Ever dramatic, Powers looked over his shoulder then lowered his voice. “Not to speak ill of the dead...”
This was going to be good.
“But she wasn’t above a spot of blackmail.”
That I knew. That everyone knew. She’d tried to blackmail Topper Buckley a couple of years back and it had backfired. Badly. He told everyone he knew, including his wife, that he’d made a terrible mistake with Madeline and that she was a lousy lay...not sure if he told his wife that part. At any rate, Madeline was furious and everyone else quietly cheered and made sure the Buckleys were invited to more parties. “Old news.”
He waved one of his long fingers like a metronome and smiled a smile worthy of Mephistopheles. “The new scuttlebutt is that she was blackmailing Stanton Wilde and Prudence Davies.”
The scuttlebutt was wrong. Whatever nasty bit of information Madeline had on Stanton Wilde was anyone’s guess. Maybe he cheated on his taxes or his wife but he wasn’t cheating with Prudence. Henry was cheating with Pru
dence. Poor Prudence. If anyone found out Madeline had been going to Club K, she’d toss her hair and invite them to join her there. If anyone found out about Prudence, she’d be ruined—kicked out of the altar guild and the Junior League.
“Did you see her there?” I asked.
“Prudence?” He nodded. “She had on the most God-awful dress you ever saw and she turned positively green when Roger came down the aisle with his date.” He rubbed his chin. “I wonder if Pru has designs on him. Rich widower and all.”
I doubted it. She probably hadn’t expected to see the owner of Club K walking down the aisle with him or that her two lives might intersect beneath the apse of St. Michael’s Episcopal.
“What about Kitty Ballew?”
“She was there with John. She looked pale but then again, when doesn’t she? Dreadful hat.” He tilted his head to the side. “Do you know something? Spill.”
Clever, urbane Powers, who belonged in New York and stayed in Kansas City to keep Bitty Sue happy, loved a scandal. I wasn’t going to provide him with one.
“I don’t know a thing.” I ignored the itch on the tip of my nose.
He stared at me, probably searching for tells. I stared at the truly awful watercolor someone had hung on the wall and thought about the seventh hole at Pebble Beach. The view of the Pacific was awe-inspiring.
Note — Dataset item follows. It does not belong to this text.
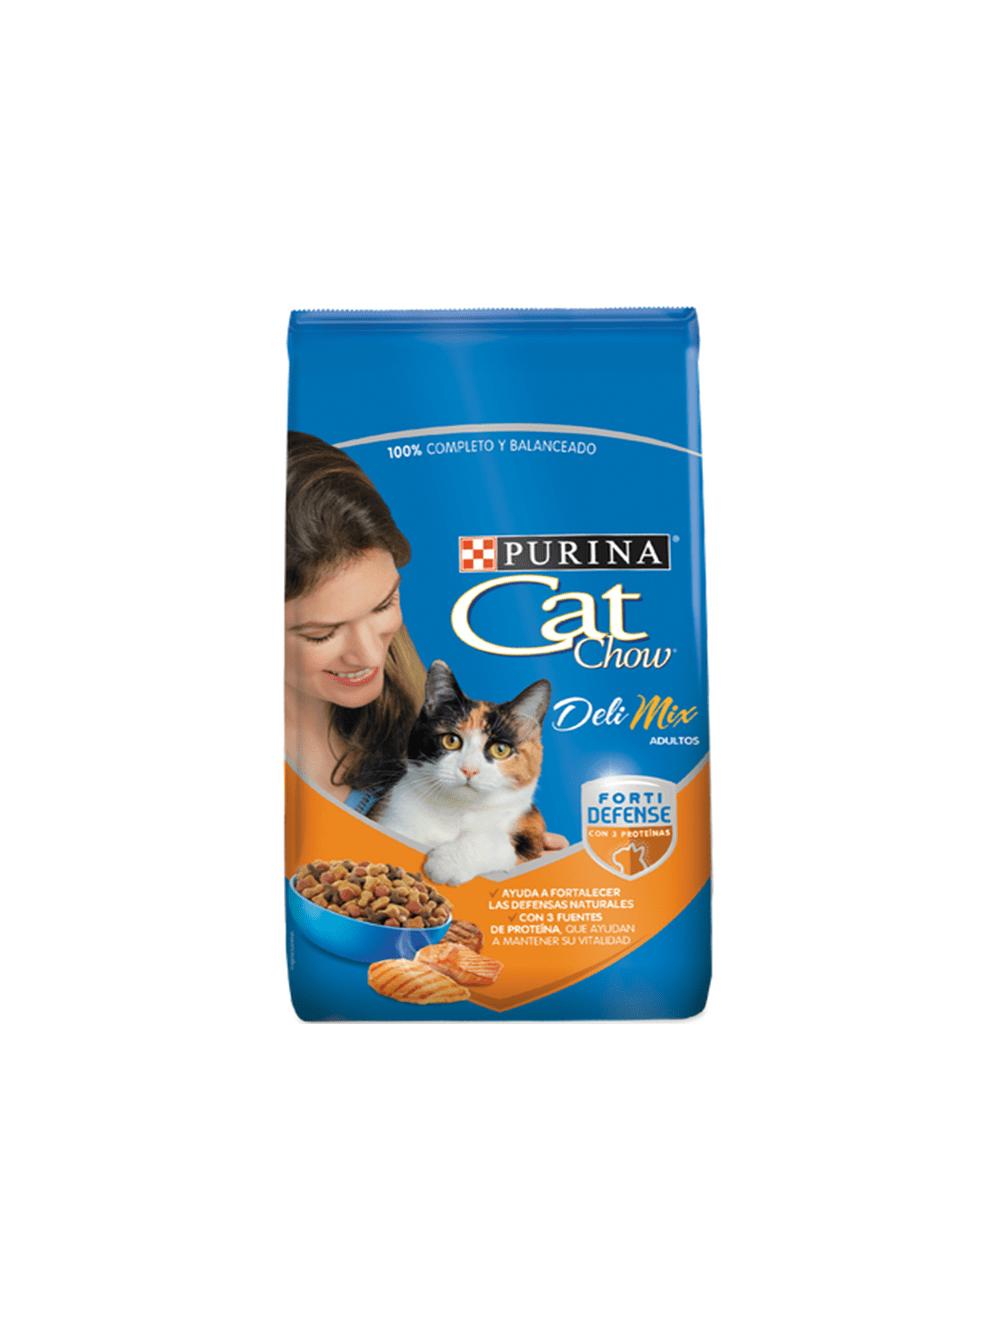 Purina Cat Chow Delimix 3 kg

After a moment, he ceded defeat. “Everyone was speculating on who killed her.”
“Who’s the lead suspect?”
Powers flushed and his grape green gaze dropped from my face to his lap.
I was the lead suspect. At least among the country club set. My breath whooshed out of my chest and I collapsed against the stack of pillows behind me.
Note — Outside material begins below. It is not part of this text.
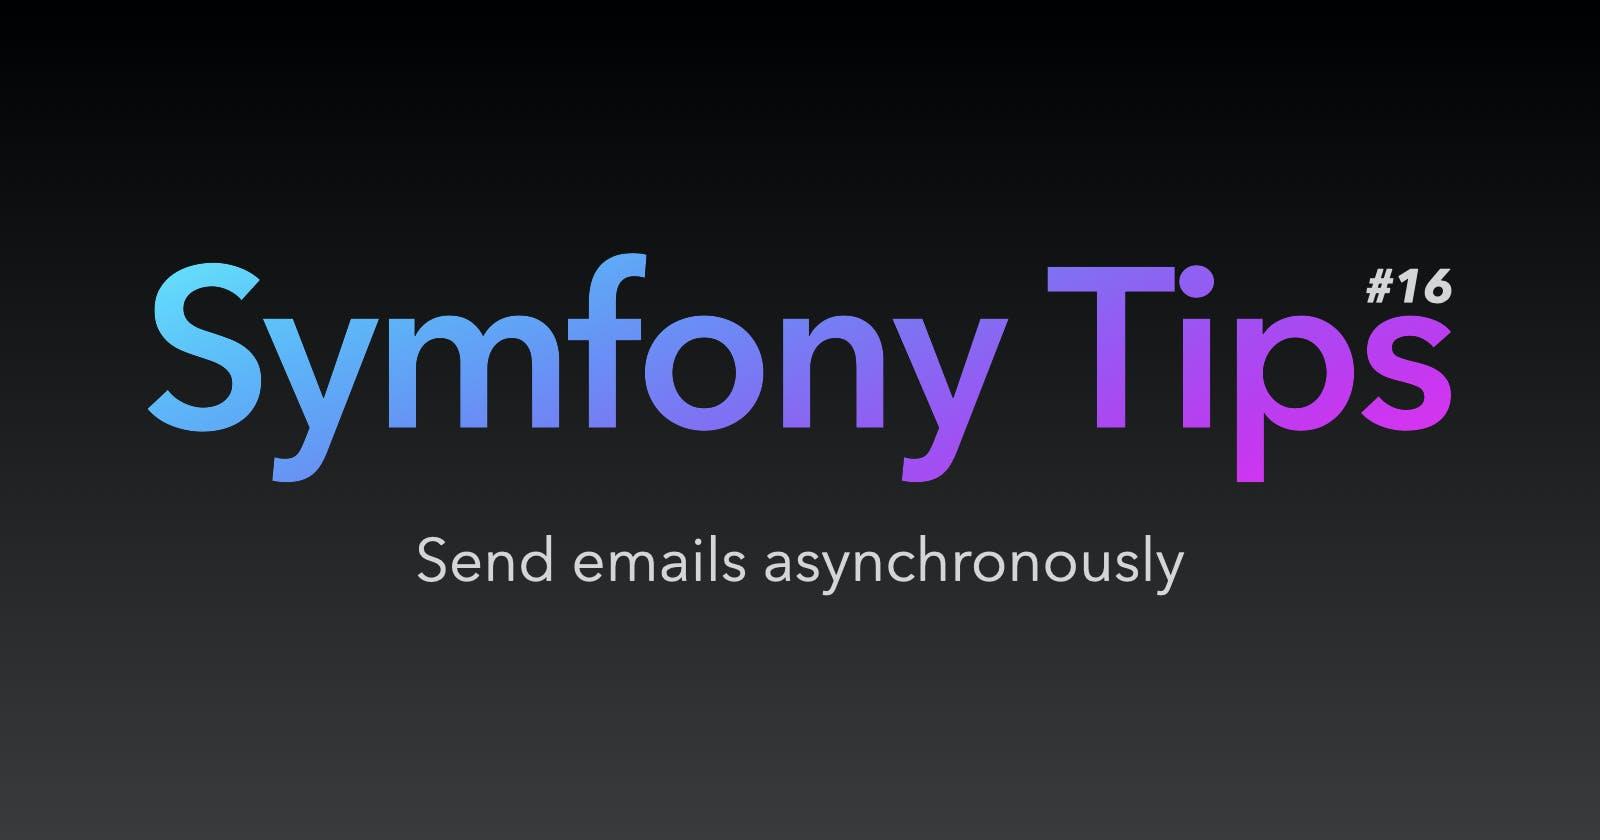 Symfony Tips #16 - Send emails asynchronously

“No one blames you. Everyone thinks she had it coming.”
“I didn’t kill her.”
“Of course you didn’t.” He reached forward and patted my hand then his nose twitched.
Oh dear Lord. If Powers didn’t believe in my innocence, what hope had I that anyone else would? If Detective Jones didn’t catch the murderer, I’d spend the rest of my life under a cloud of suspicion.